Mund-Nasenschutz bei Menschenansammlungen Pflicht

Ebenso übernommen wurde die Vorgabe, dass zwischen 18 Uhr abends und 6 Uhr morgens überall dort Mund-Nasenschutz getragen werden muss, wo die Gefahr von Menschenansammlungen besteht, z.B. in der Nähe von Bars und Lokalen. Für Südtirol ist diese Vorgabe allerdings nicht neu: Bereits im Landesgesetz Nr. 4 von 2020 war vorgegeben, dass man Mund-Nasenschutz tragen muss, wenn man in engen Kontakt mit anderen Menschen kommt.

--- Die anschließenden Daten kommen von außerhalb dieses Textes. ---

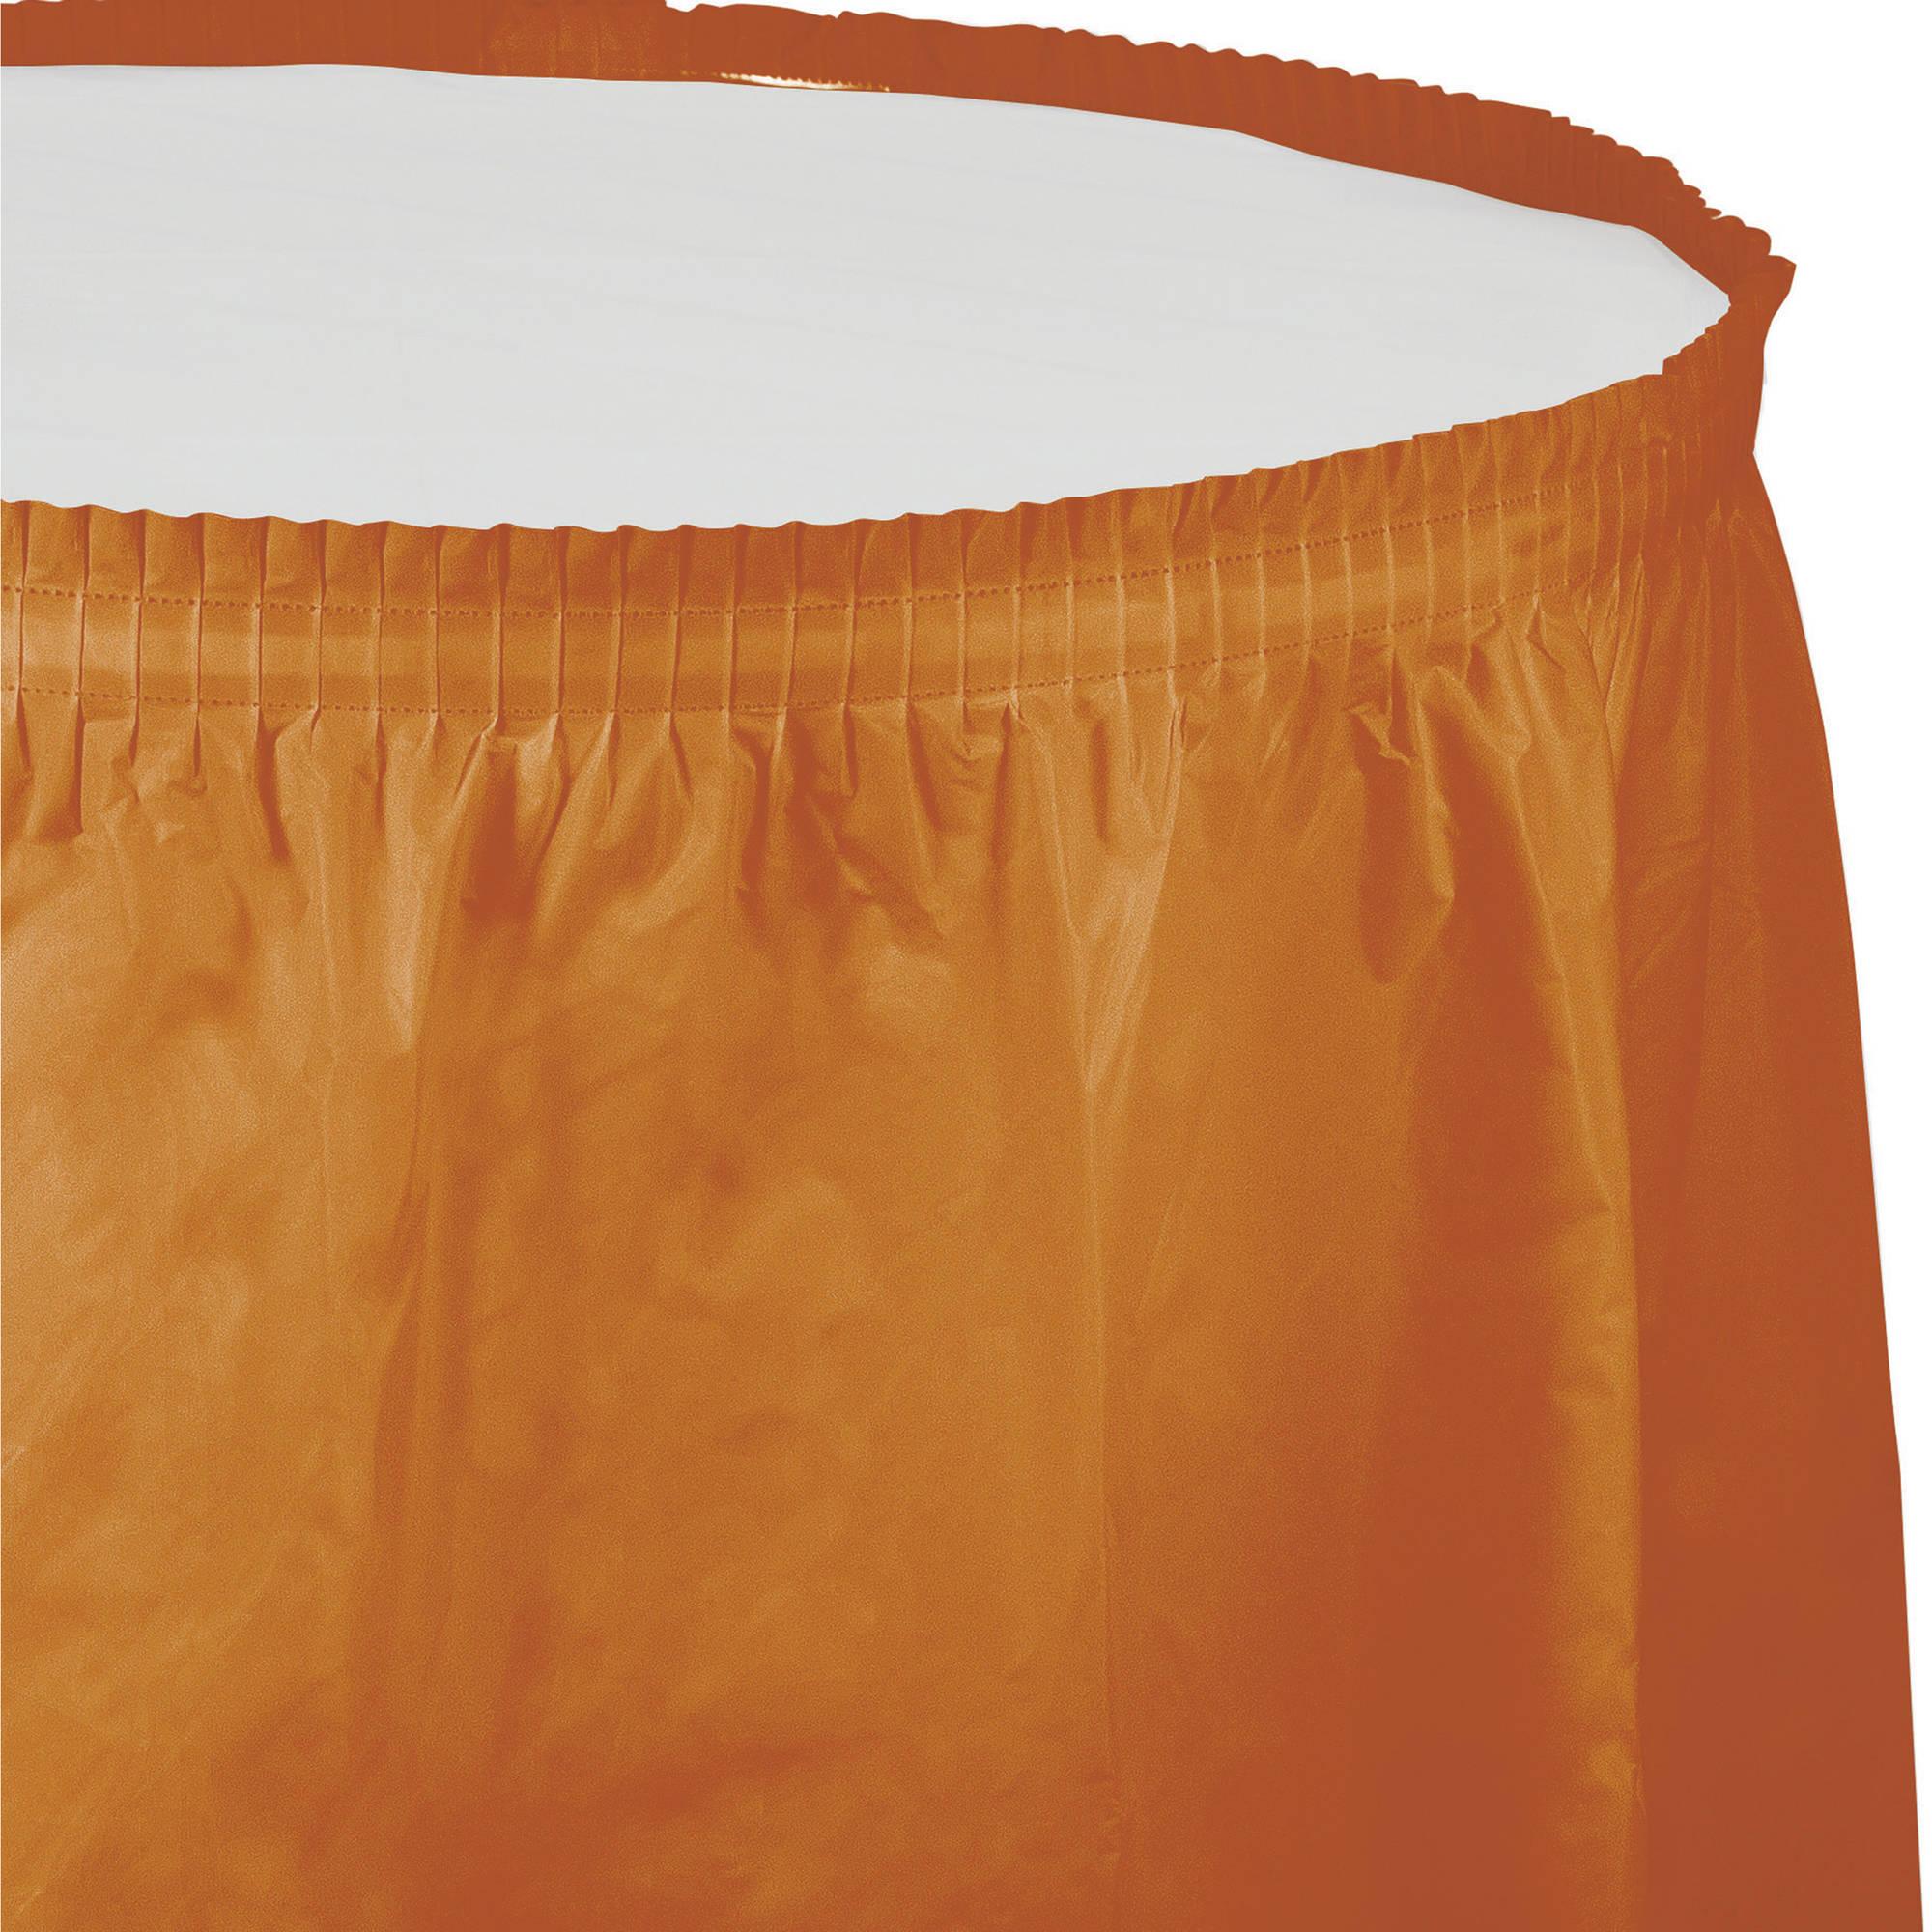 Pumpkin Spice Orange Plastic Tableskirt, each

Autonome Zuständigkeiten Südtirols berücksichtigt

Damit sind die am Sonntag (16. August) erlassenen Anordnungen, mit denen das Gesundheitsministerium auf die steigenden Covid19-Infektionen in den vergangenen Wochen reagiert, auch in Südtirol gültig. Im Ministerialdekret ist laut Landeshauptmann eine Schutzklausel enthalten, die die autonomen Zuständigkeiten Südtirols berücksichtigt. Dennoch habe das Land entschieden, die auf nationaler Ebene erlassenen Vorgaben zu übernehmen.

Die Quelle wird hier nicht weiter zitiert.